Twin Trees initial pleading does not present a federal question. The summons to answer interrogatories is merely a mechanism, created by state law, to aid in the enforcement of a money judgment entered against Old Town on Twin Trees’s pure state-law claim for unlawful detainer.

Haring nevertheless argues that the case implicates significant federal issues because the summons was filed while Haring was protected by an automatic stay under federal bankruptcy law and the judge failed to make a reasonable accommodation for her in violation of the Americans with Disabilities Act and failed to give her adequate notice of hearings and court orders in violation of her federal due process rights. Contrary to Haring’s contentions, no automatic stay had been imposed when the summons was filed, and her other arguments similarly lack any basis in fact.

Moreover, the fact that questions of federal law happened to come up in state-court litigation is not enough to confer original jurisdiction over the action.
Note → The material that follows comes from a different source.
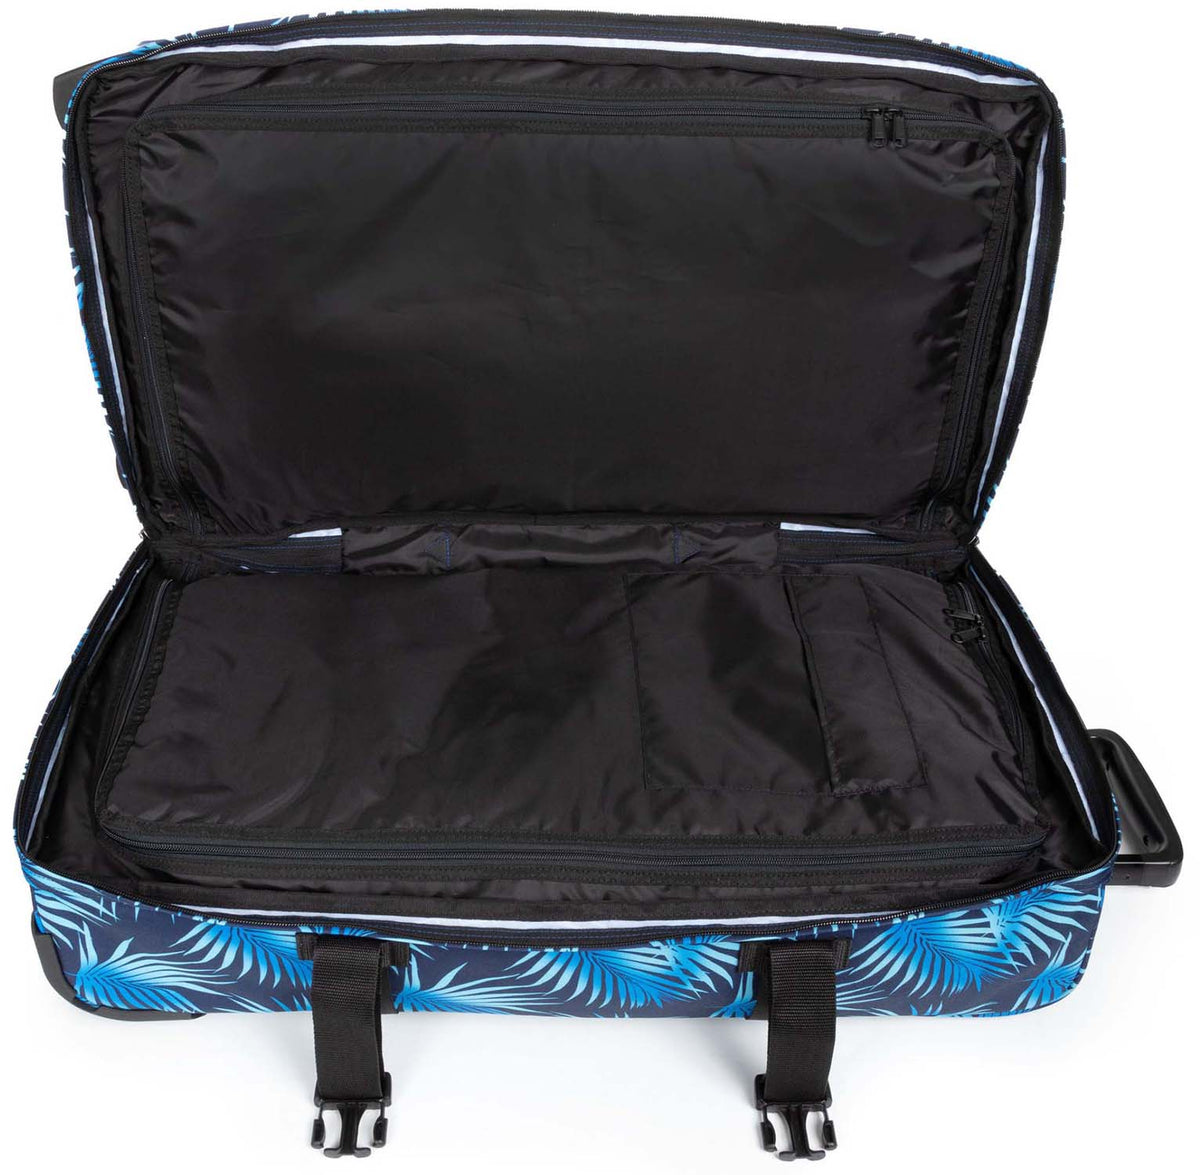 Eastpak Tranverz M Suitcase - Brize Navy Grade
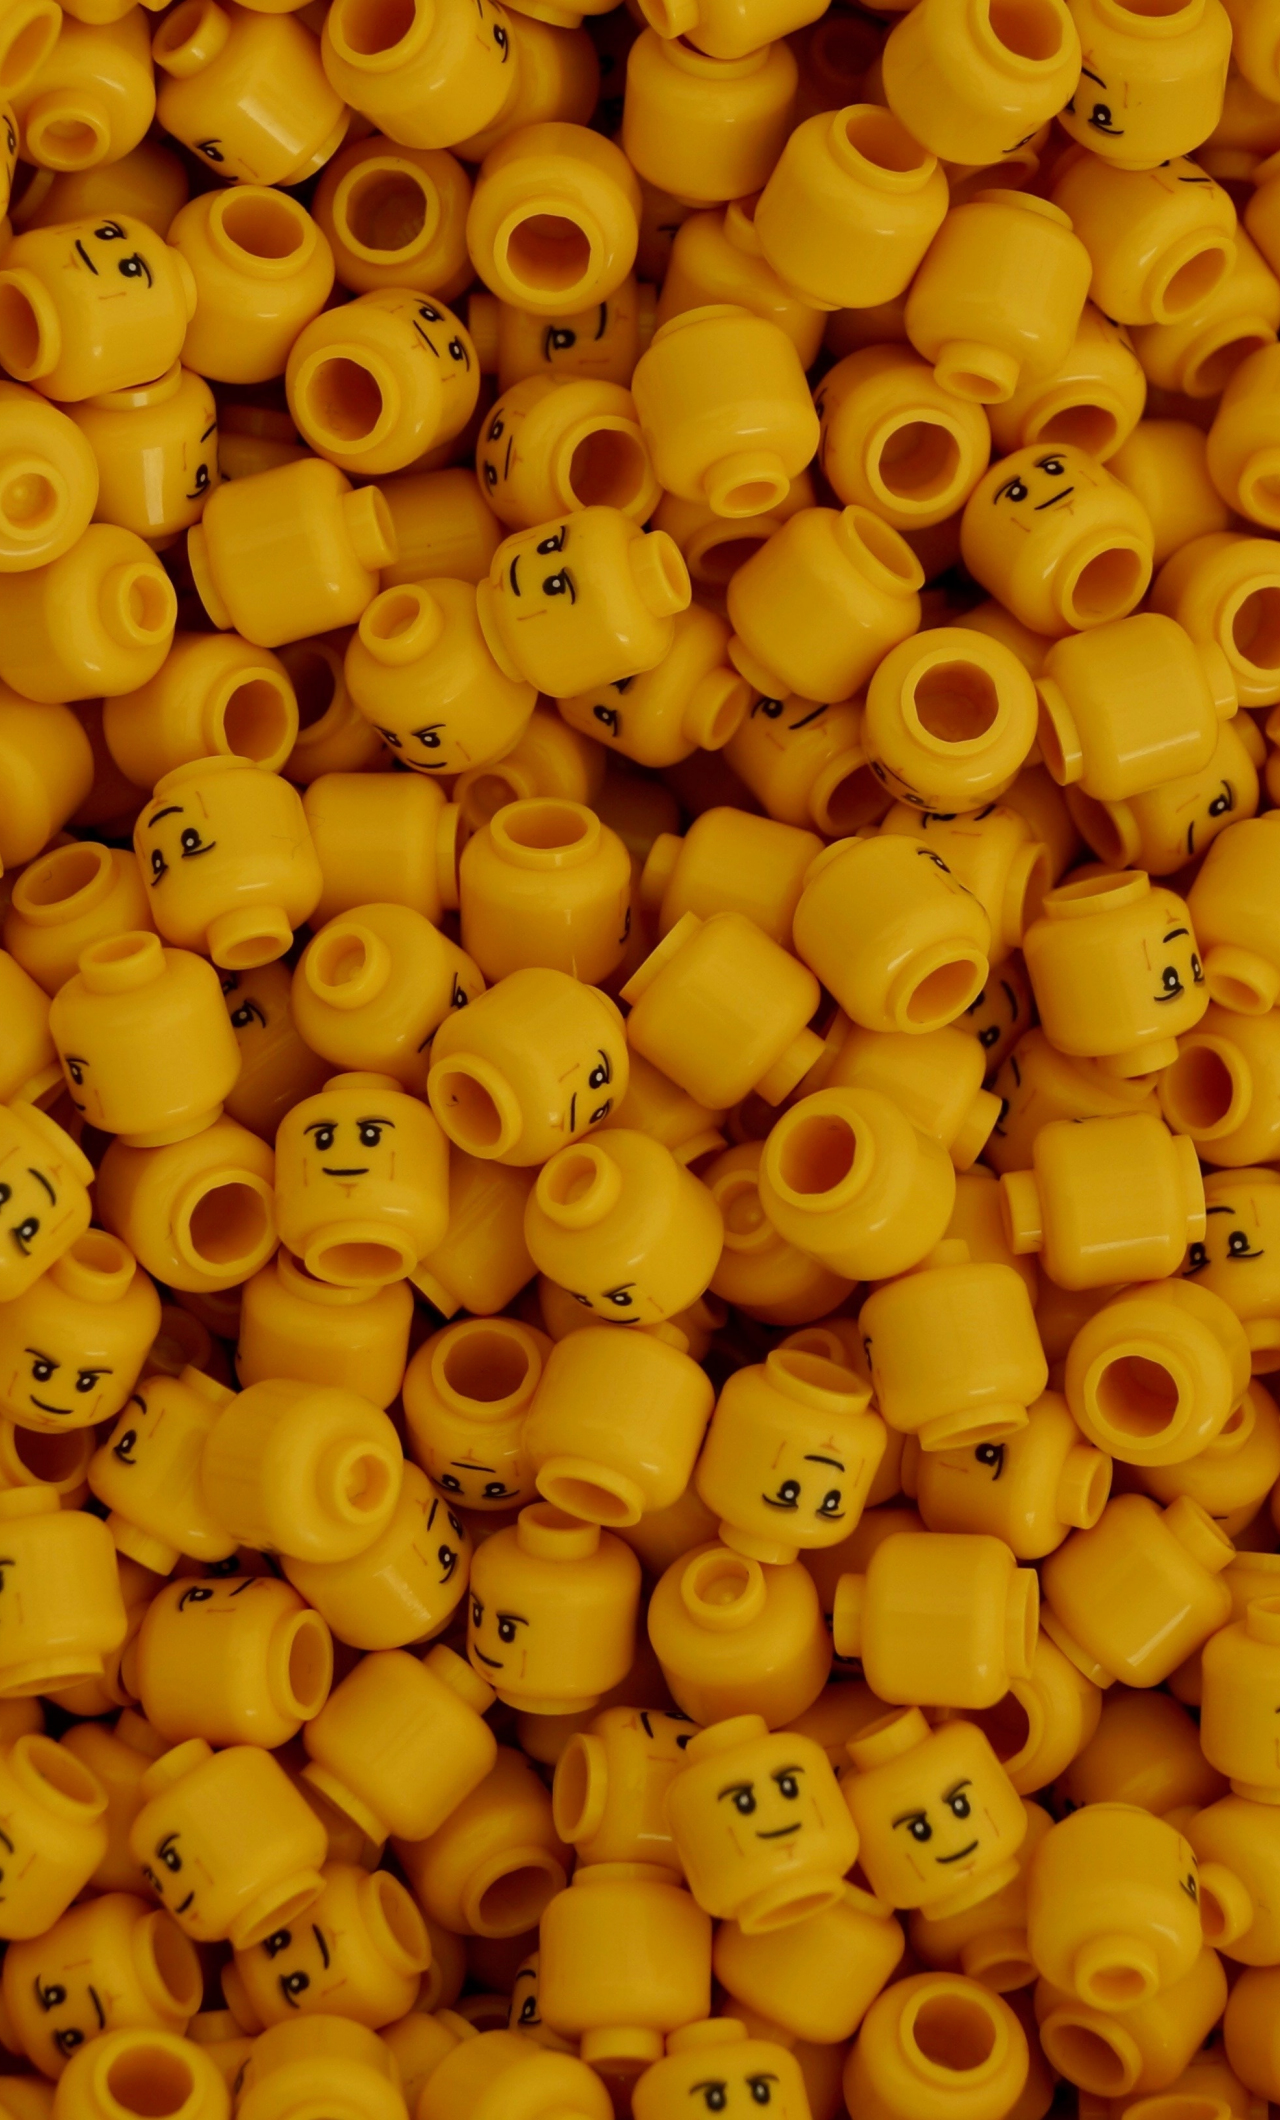 Yellow, Lego, toy, 1280x2120 wallpaper

The issues raised by Haring have no bearing on the necessary elements of Twin Trees’s state law claim.

In addition, the state court judgment demanded in Twin Tress’s initial pleadings is less than $10,000 and falls well short of the $75,000 required for purposes of diversity jurisdiction. Haring also concedes that the parties were not diverse when Twin Trees initiated the proceedings.

Under these circumstances, Twin Trees could not have brought this action in federal court on the basis of subject matter or diversity jurisdiction and removal is inappropriate.

Motion granted.

Twin Trees LLC v.  Haring., Case No. 5:18-cv-46, April 1, 2019. WDVA at Harrisonburg (Hoppe). VLW 019-3-167. 16 pp.